◆ Problem details
Reproduce exactly the lines below, from the first one through the line containing "Blue illustration, top", and omit any pictures.

-- Opening Marker --

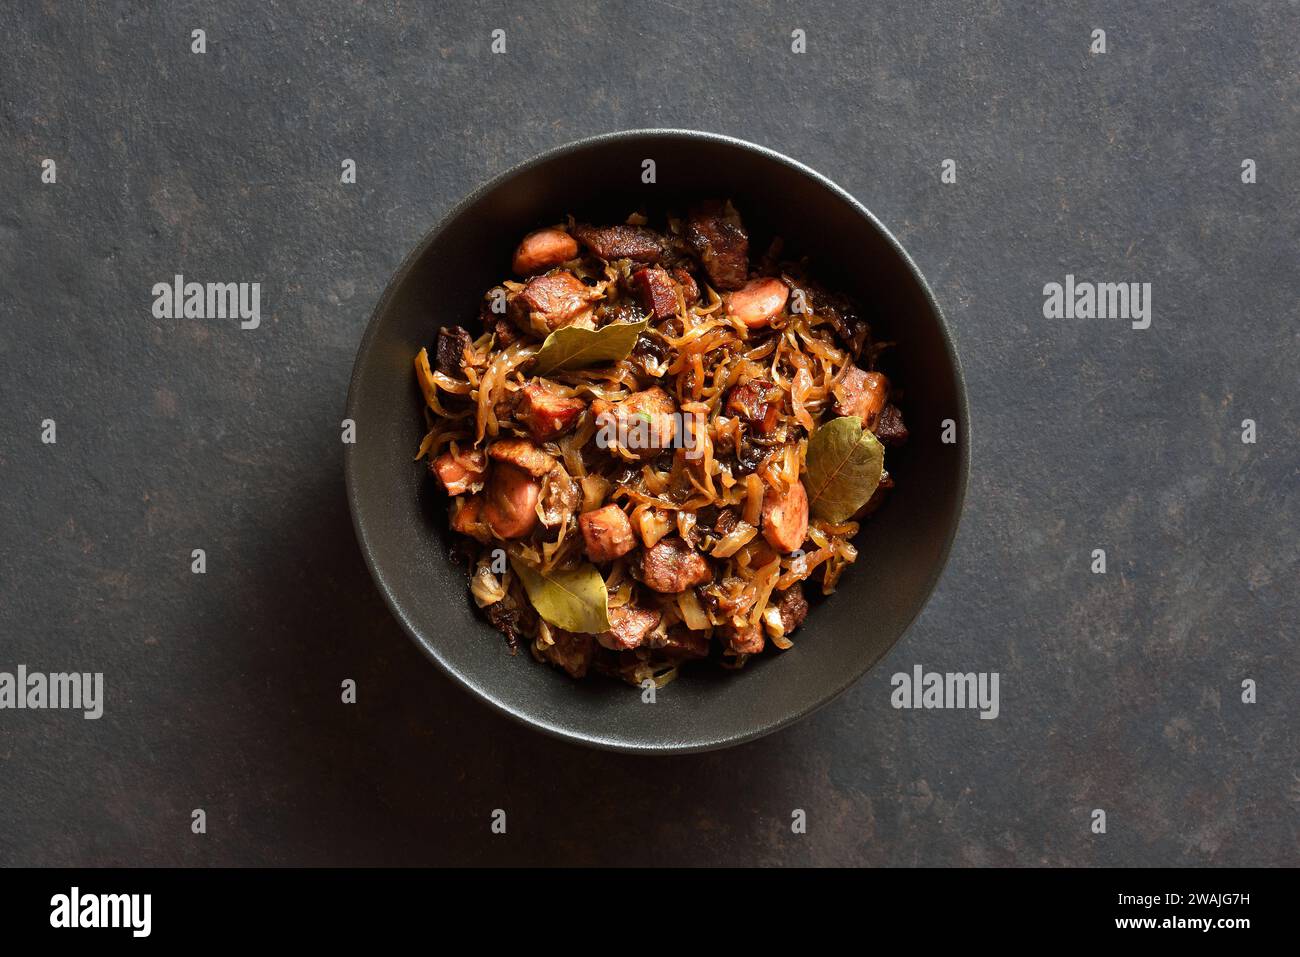 Polish Bigos in bowl over dark stone background. Stewed cabbage with sauerkraut, mushrooms, smoked meats and spices. Top view, flat lay Stock Photo
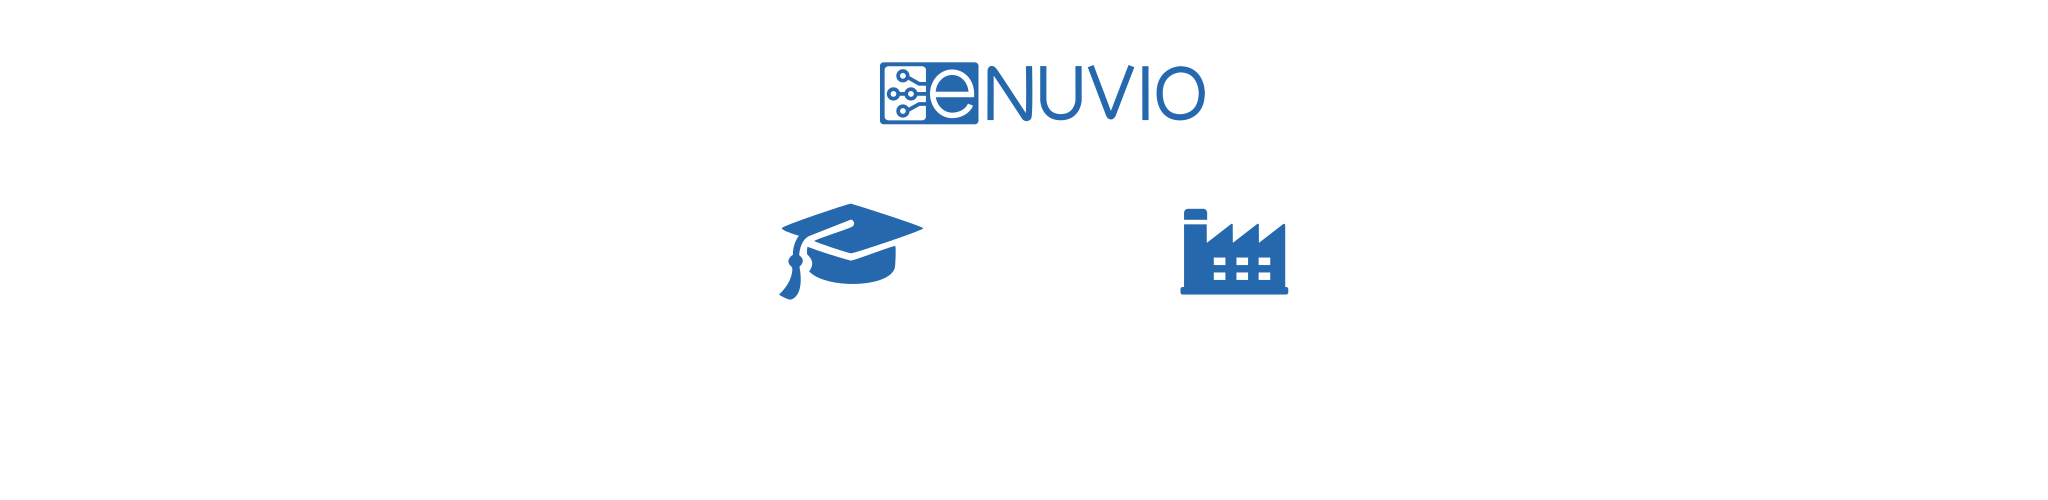 Blue illustration, top eNUVIO logo, white lines connecting the logo to a graduation cap and fabrication building. Text under graduation cap: "Academia" and "Research labs", Text under fabrication building: "CROs", "Pharma" and "Biotech"
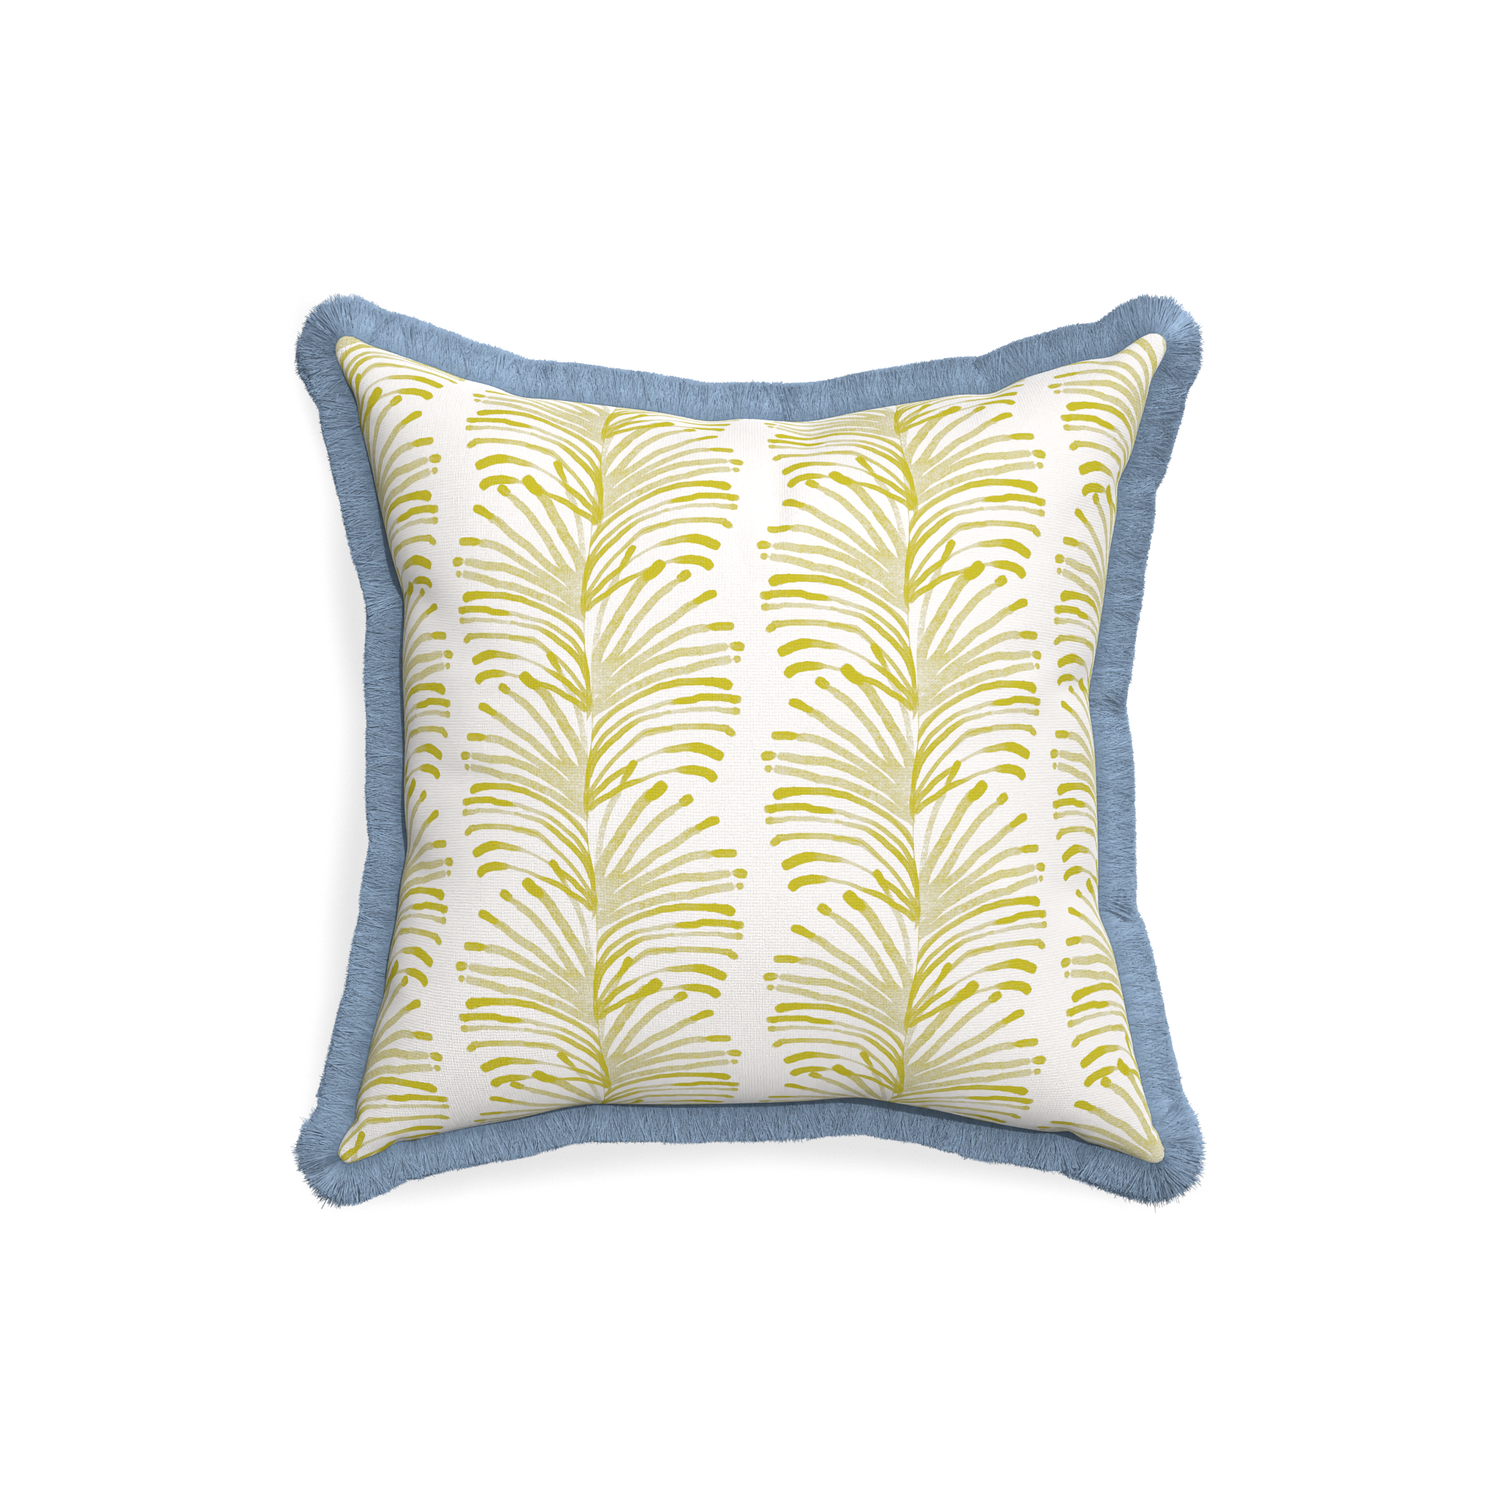 18-square emma chartreuse custom pillow with sky fringe on white background
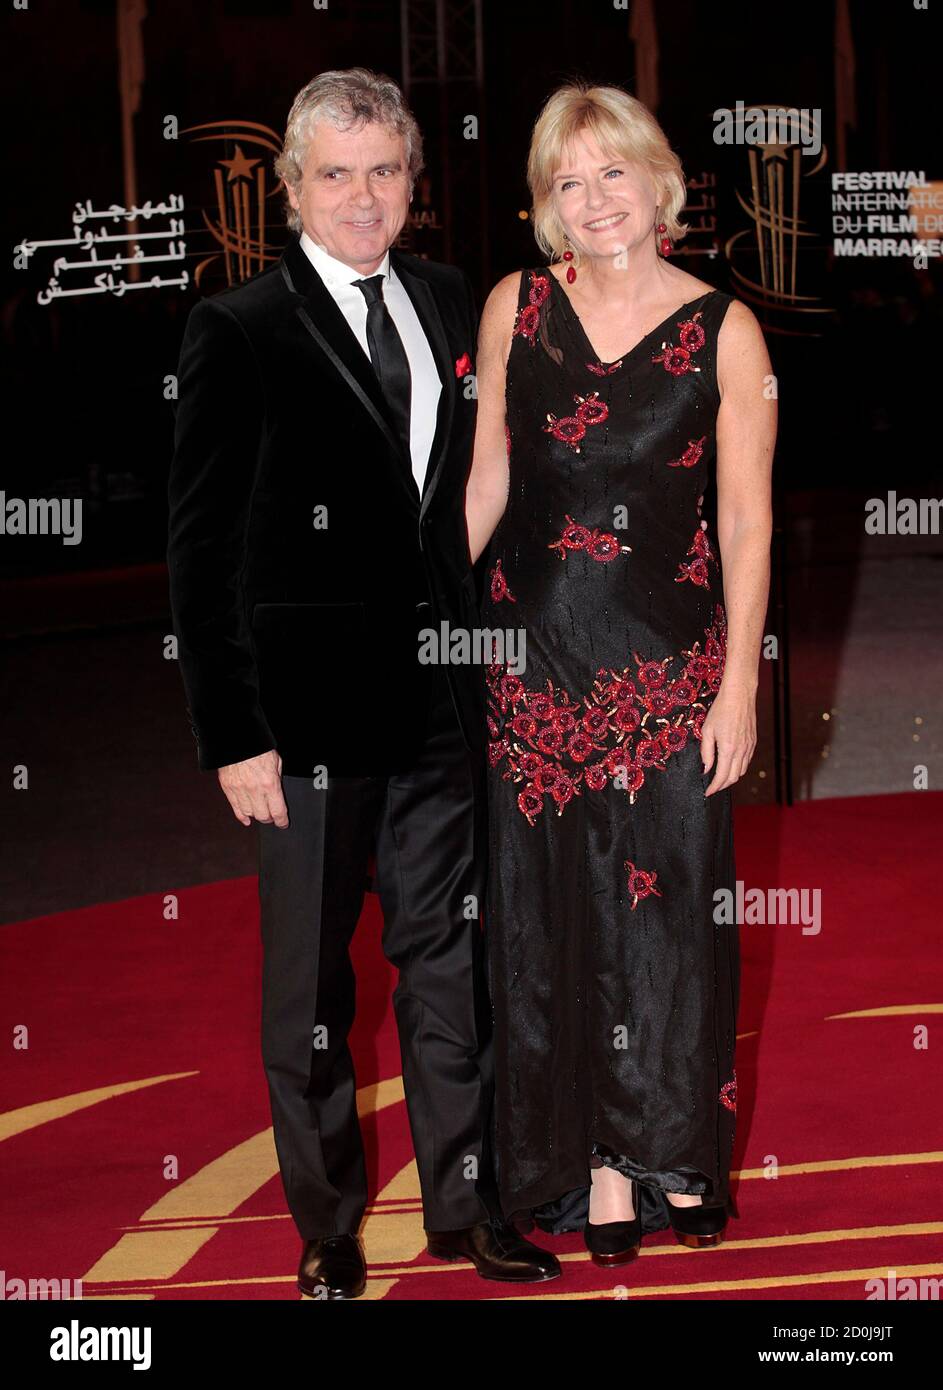 French television journalist Claude Serillon and his wife arrive at the  11th International Marrakech Film Festival (FIFM), December 8, 2011.  REUTERS/Jean Blondin (MOROCCO - Tags: ENTERTAINMENT MEDIA Stock Photo -  Alamy
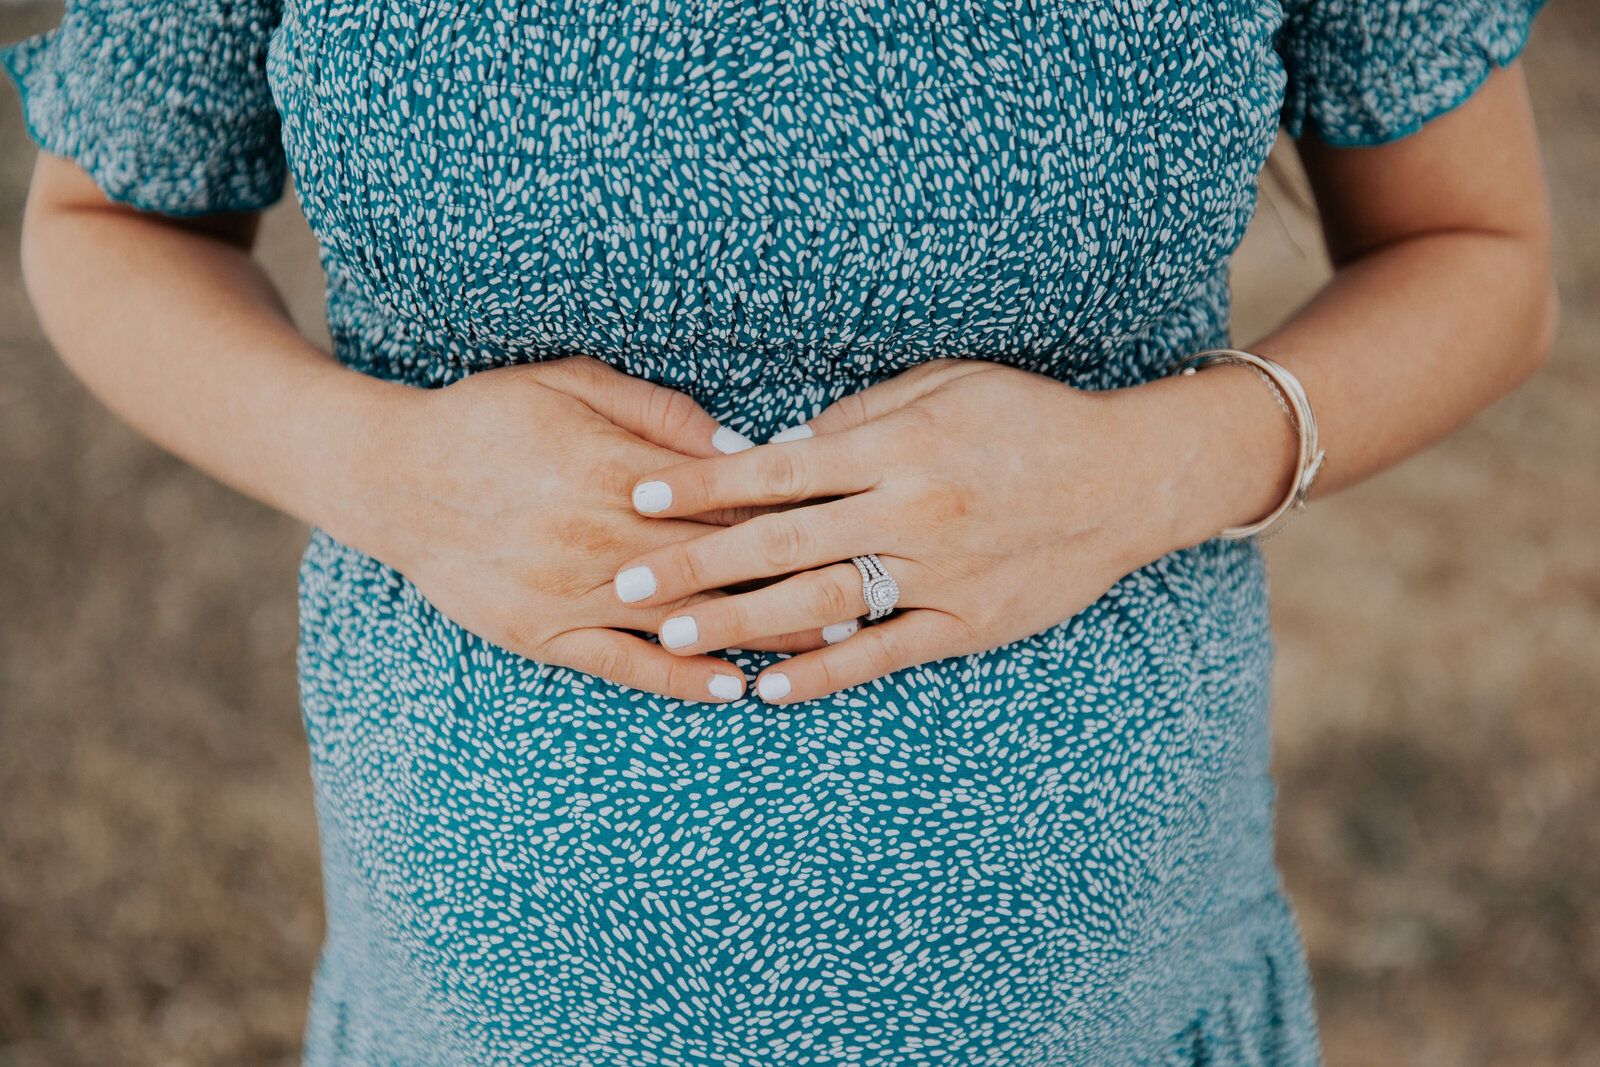 Idaho Falls maternity photographer documents the mothers baby bump while holding her hands over her tummy while wearing a blue dress

-- Closing Marker --

◆ Task solution
 Polish Bigos in bowl over dark stone background. Stewed cabbage with sauerkraut, mushrooms, smoked meats and spices. Top view, flat lay Stock Photo
 Blue illustration, top eNUVIO logo, white lines connecting the logo to a graduation cap and fabrication building. Text under graduation cap: "Academia" and "Research labs", Text under fabrication building: "CROs", "Pharma" and "Biotech"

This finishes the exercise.